Yesterday I created that thing bellow (all 2D using only Gosu drawing methods) :



The idea is that the background is rendered illuminated, then the player is drawn and a torchlight sprite is drawn on top of it. The noise effect is another layer drawn on top of everything. The torchlight is made like this :



The surrounding black is partially transparent and the "light part" is even more transparent. The sprite is drawn using Gosu::Image.draw_rot. I created a method that draws the corners so that when the sprite is rotated, the global image is still a rectangle. The fill color for the edges is the same partially transparent black used before. Finally, from this englobing rectangle, 4 rectangles are drawn the same color to cover the entire screen.

Things are working great, there are some frames where I see glitches, really one or two frames a minute, randomly, which is annoying but I can live with that.

The only problem here is that I can't use this technique if I want to add other "light layers". It works here because everything is dark except the torlight area, but I would like to add other light sources and it would be really hard to use the same technique, taking care of other rectangles intersecting the ones drawn for the torchlight.

Is there another way to create this effect ? I would really like to use only Gosu drawing techniques. Thanks for your precious help.
Parent - - By oli.obk Date 2013-06-27 08:35
good job.

instead of drawing many textures i advise to make your light rectangle even bigger so it'll cover the whole screen in any rotation and position. then you'd get rid of the glitches.
or you could slightly overlap the corners of your rectangles to prevent light spots from appearing (in the dark part you'd have dark lines, which would be less noticable than bright glitches)

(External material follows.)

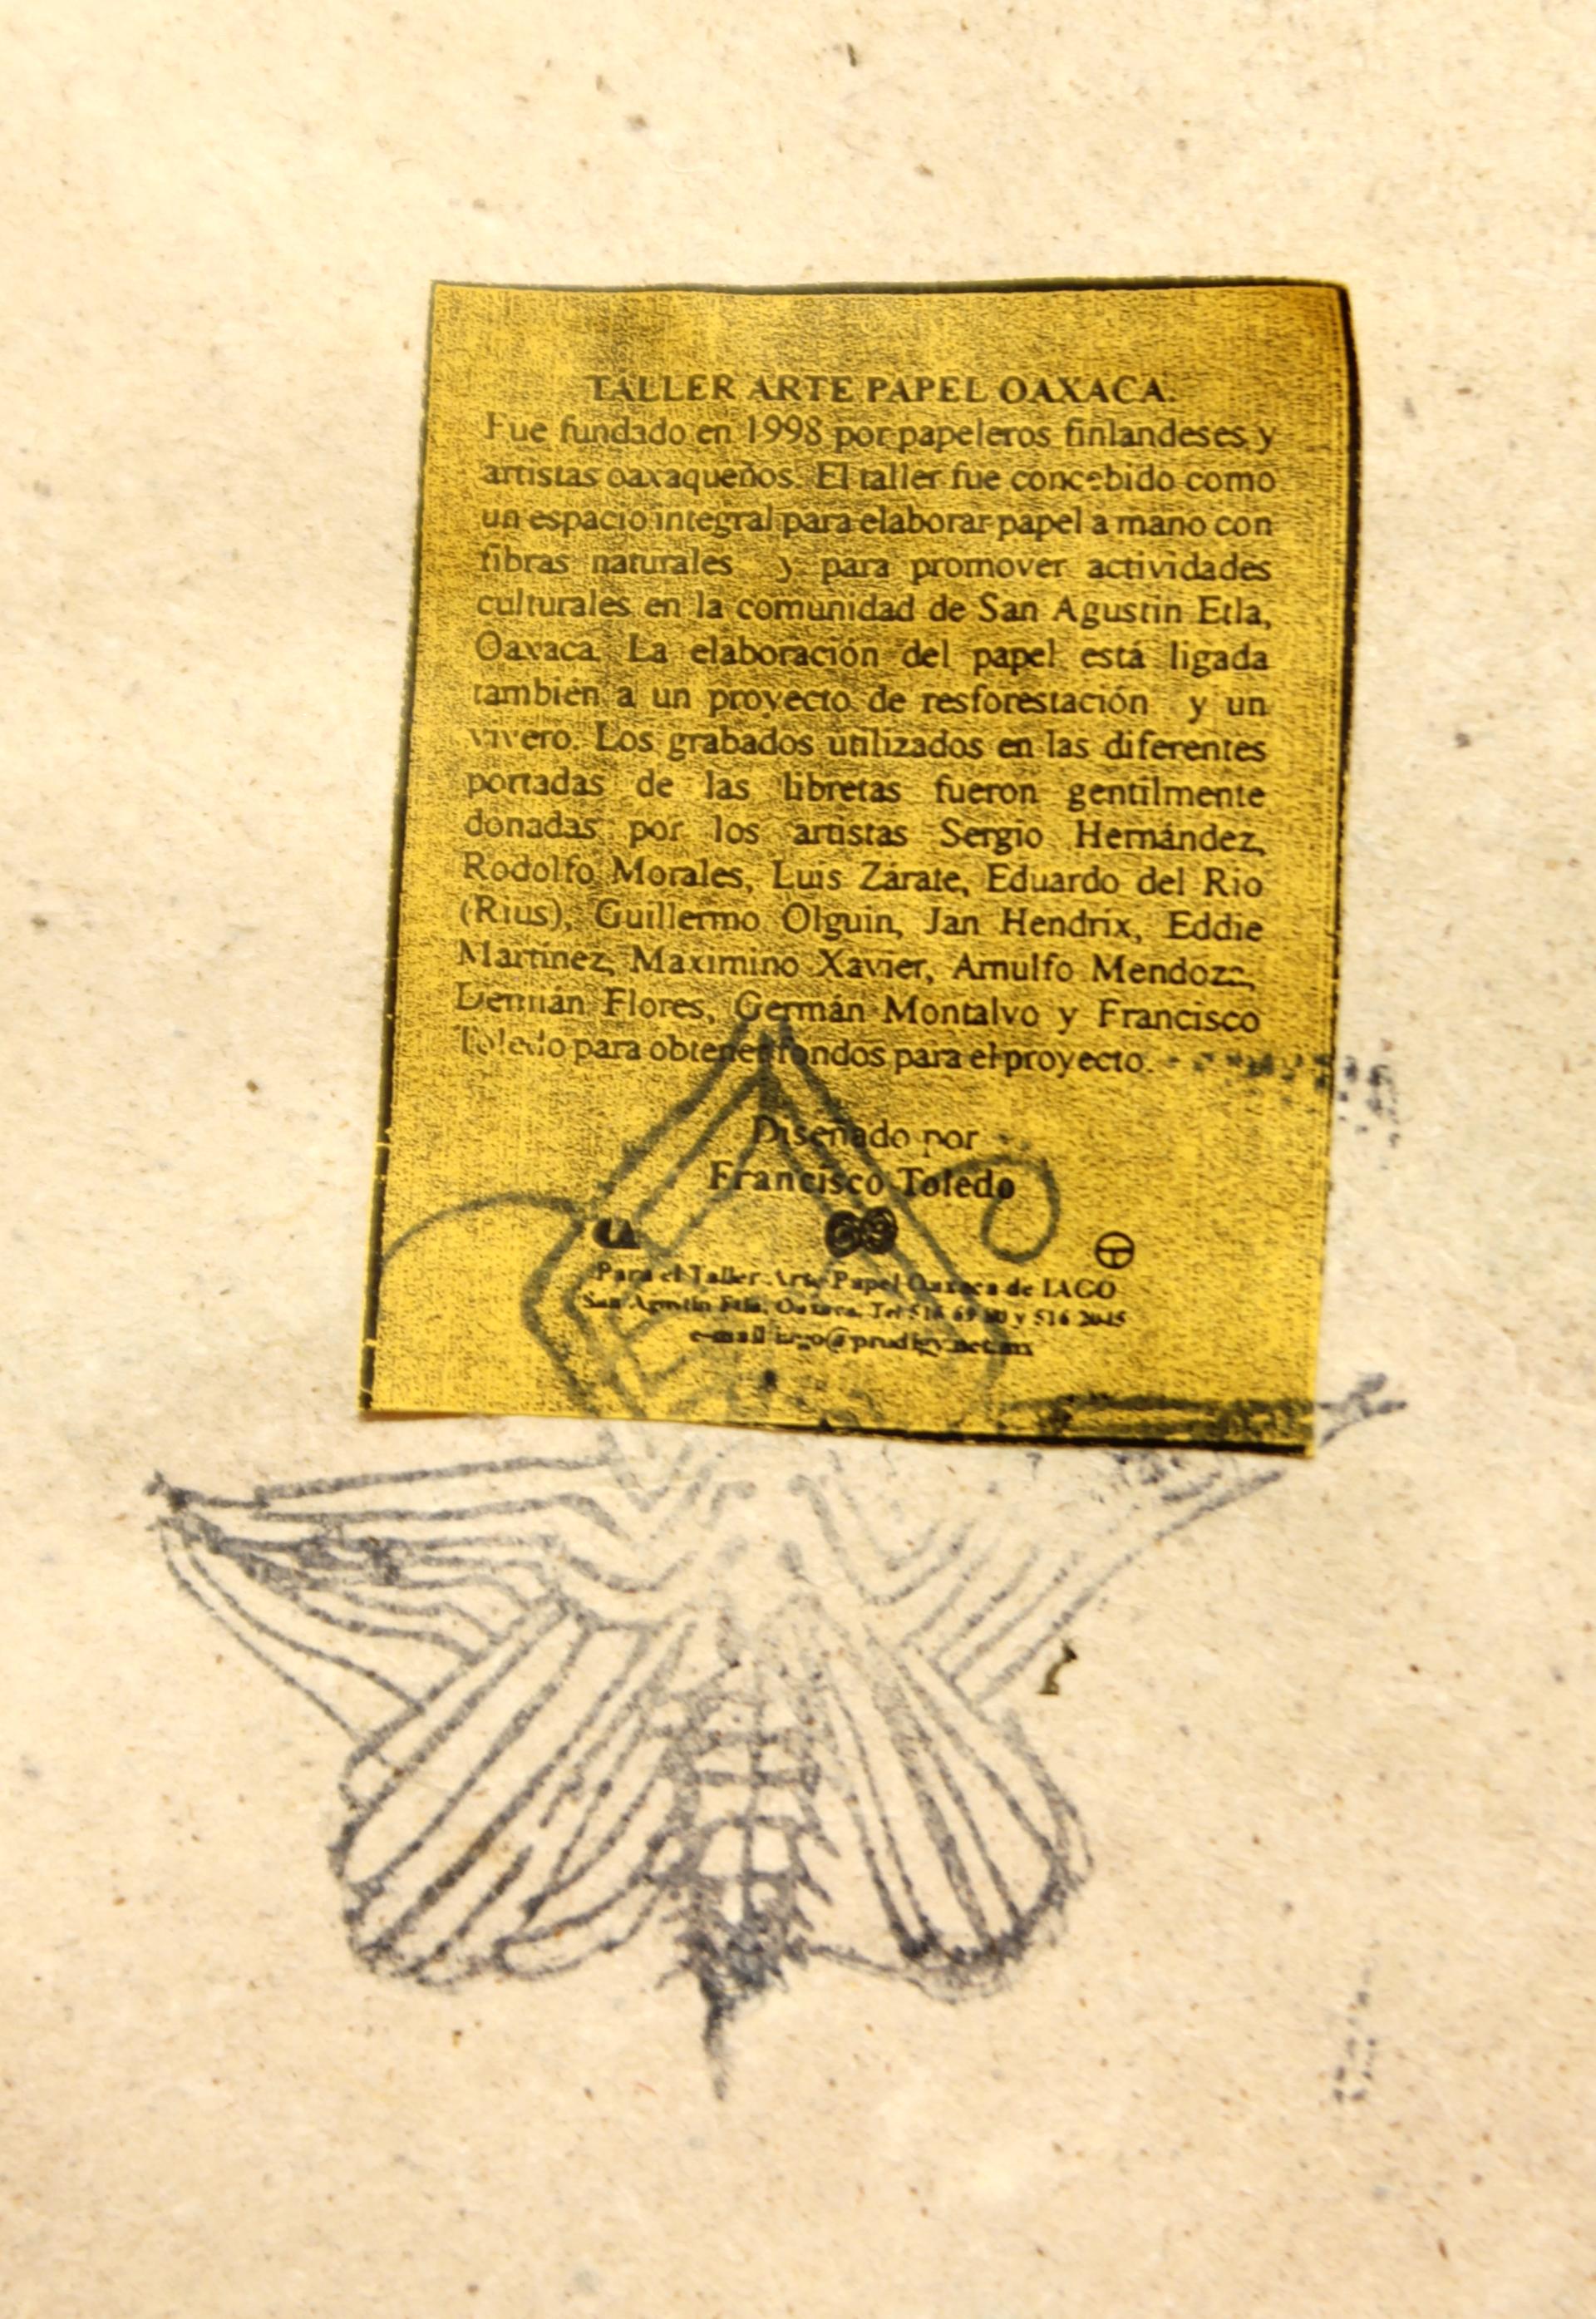 Calaveras Kite by Francisco Toledo (1940 - 2019)

for drawing multiple layers you'd need some kind of render to texture feature with your method. you'd draw all your lights, create an image from that, clear the screen, draw all your objects, draw the light image over the objects. This could be done easily by abusing the various possible screenshot methods (search this board for some of them). of course, this might not be very performant.
Parent - - By bestguigui Date 2013-06-27 08:47
Thanks for your reply :)

I thought about creating a big image first, but since I'm used to create the smallest files possibles, I considered it would be better to go the way I did for performance issues, even if I know that it's not good to optimize anything until an issue is detected, and I don't know if drawing multiple rects is really faster than one huge one.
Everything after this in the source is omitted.